On Sunday past, I was practising the Five Element Qi Gong with eyes half closed; mind half focused, half in trance.

Gazing out the window I saw a hand floating in the air, pointing towards a row of books girdled around the massive eucalypt tree in the back yard. There, as though painted with the poet’s brush of magical realism, the tree and books hovered silently, yet poignantly. Oddly enough, I didn’t bat an eyelash as it all made “sense”, appeared logical; was even ordinary.

I was witness to the quintessential Tree of Knowledge.
hand_book_tree
Slight-of-hand magician, David Abram, said this about the photo after I sent an email copy of it to him earlier in the week.
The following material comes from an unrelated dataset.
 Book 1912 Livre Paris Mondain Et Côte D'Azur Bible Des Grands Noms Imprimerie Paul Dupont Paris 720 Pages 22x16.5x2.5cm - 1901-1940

What a great shot. Indicating that what speaks to us, ultimately, secretly,
through all the books we read, are the living trees from which they are
made…

All knowledge, as the hand pointed out, and the books made reference to, emanates from tree. What has been written in and on books, came first from tree. Shakespeare wrote about “tongues in trees, sermons in stones, books in babbling brooks”. (Susceptible to alliteration, he misplaced books and tongues.)

Ultimately, Tree speaks for us (secretly, even, as David Abram writes). Tree works for us. Tree is us.
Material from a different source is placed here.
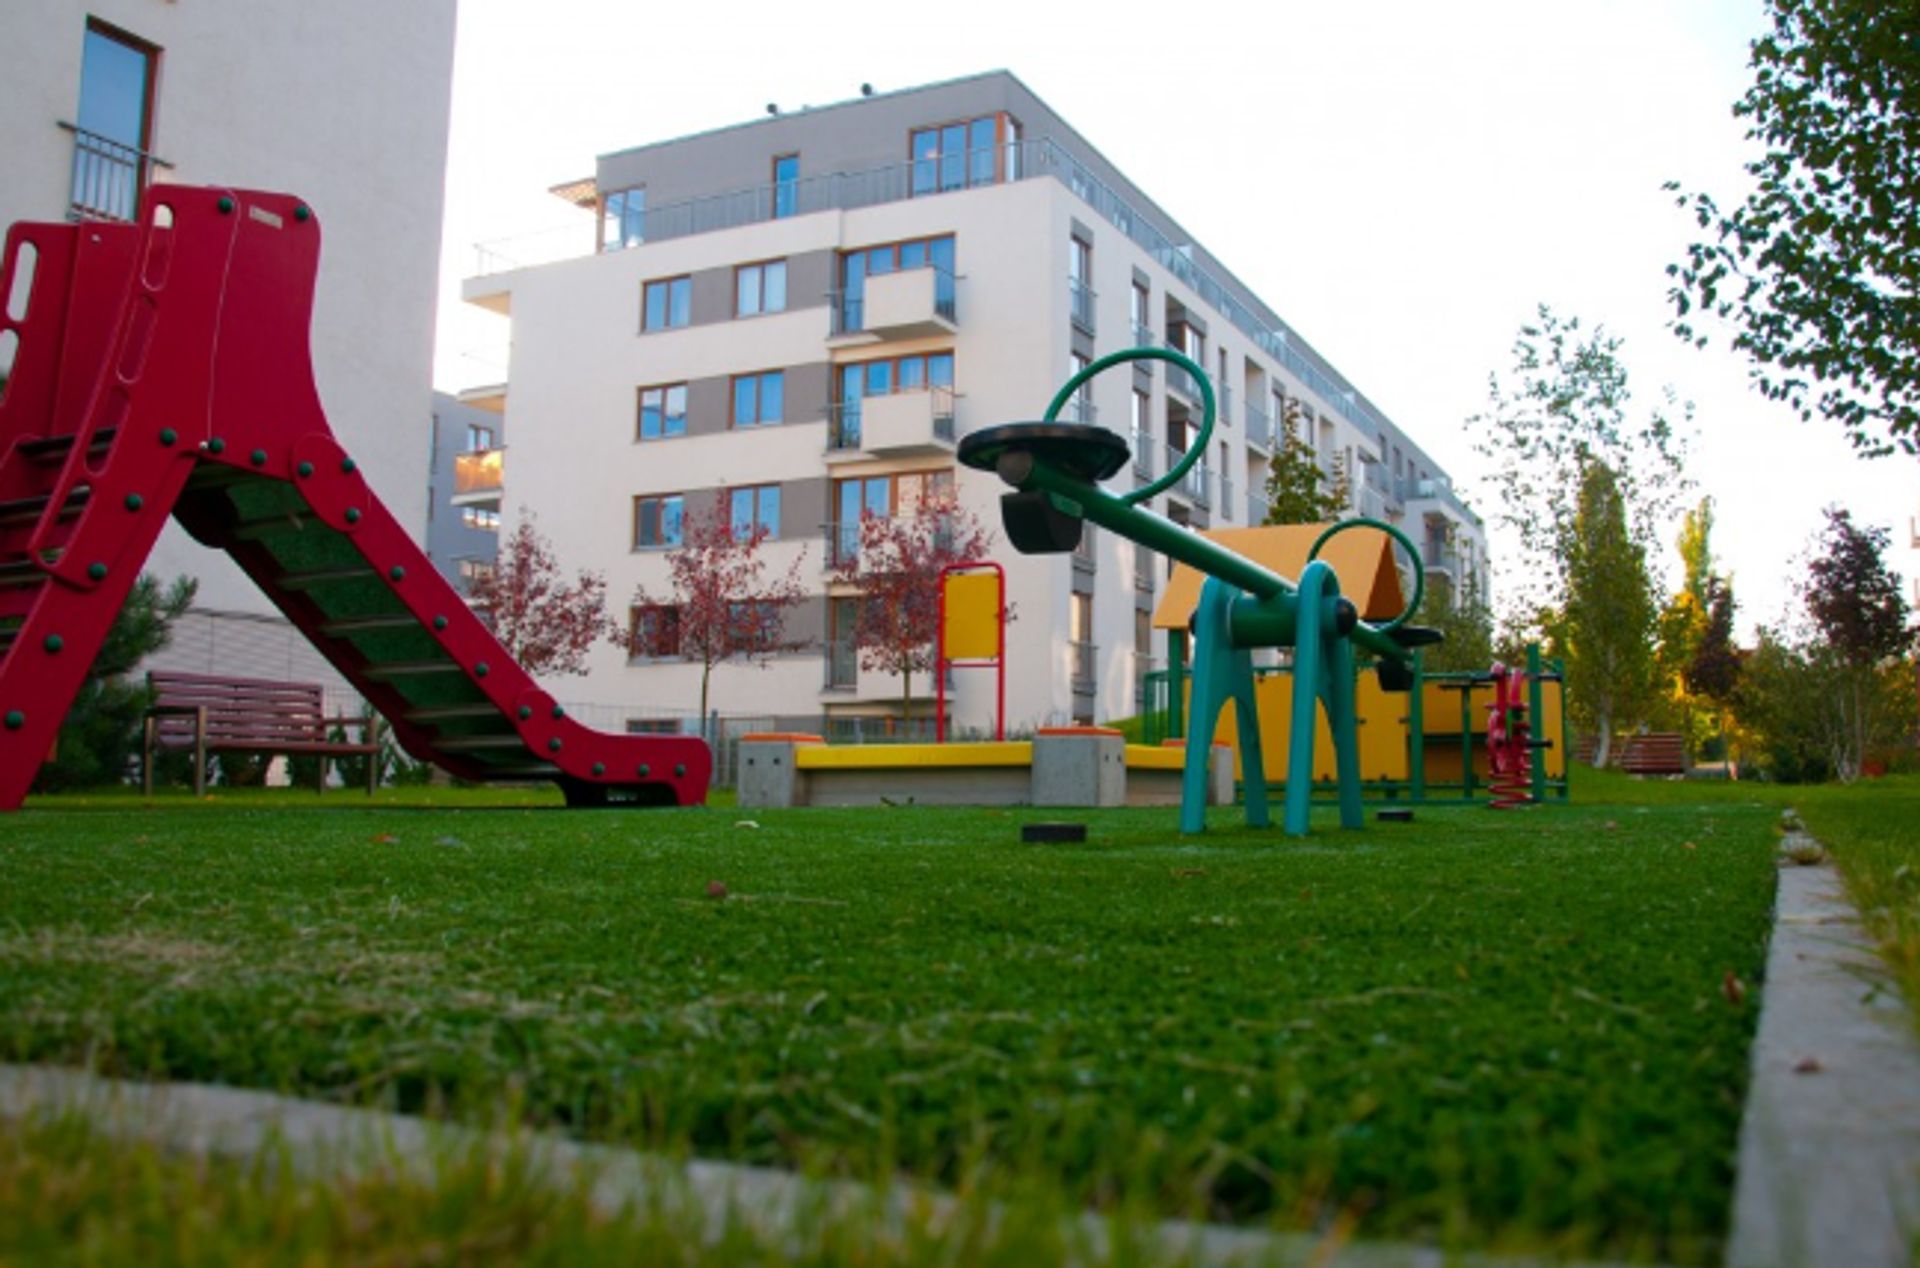  Jesienią poznańskie dzielnice kwitną od nowych inwestycji mieszkaniowych

A magician works a spell to make something “impossible” happen. A magician works:

…to create an impossible experience, an experience that is so shot through with mystery that it startles people out of all of their preconceptions. When a magician is successful making a stone vanish, and then plucking it back into thin air, or making a coin float from one hand to the other hand, it leaves us without any framework of explanation. We are suddenly floating in that open space of direct sensory experience, actually encountering the world without preconceptions, even if just for a moment. The magician is one who frees the senses from the static holding patterns that are held in by assumptions, by outmoded ways of thinking, and by the styles of speech and discourse.

David Abram

For a moment, my preconceptions of what was reality were lifted to a different dimension. In this temporary space the physical union of hand, book and tree were presented as fact and I had no doubt that what I was seeing and comprehending was true.

Yes, the trance broke within seconds and I catapulted back into a western, scientific paradigm where what I had “really” seen was Sally’s hand and a row of books from the bookshelf reflected in the window. Blah. Blah. Blah.
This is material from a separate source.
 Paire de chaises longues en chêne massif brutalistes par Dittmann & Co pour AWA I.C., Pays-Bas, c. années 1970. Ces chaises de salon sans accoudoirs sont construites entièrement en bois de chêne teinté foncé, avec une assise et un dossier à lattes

Maybe no longer magical, but the magic of that brief moment definitely stayed with me.

And still does, even today, four days later. One reason is knowing that the etymology of the word “book” comes from “boka” —Germanic for beech tree; the wood of such tree being the material of the tablets on which runes were inscribed with marks having mysterious or magical powers attributed to them.

No matter how fleeting, there is always something within each day to bring wonder back into our lives.  Cast any runes lately?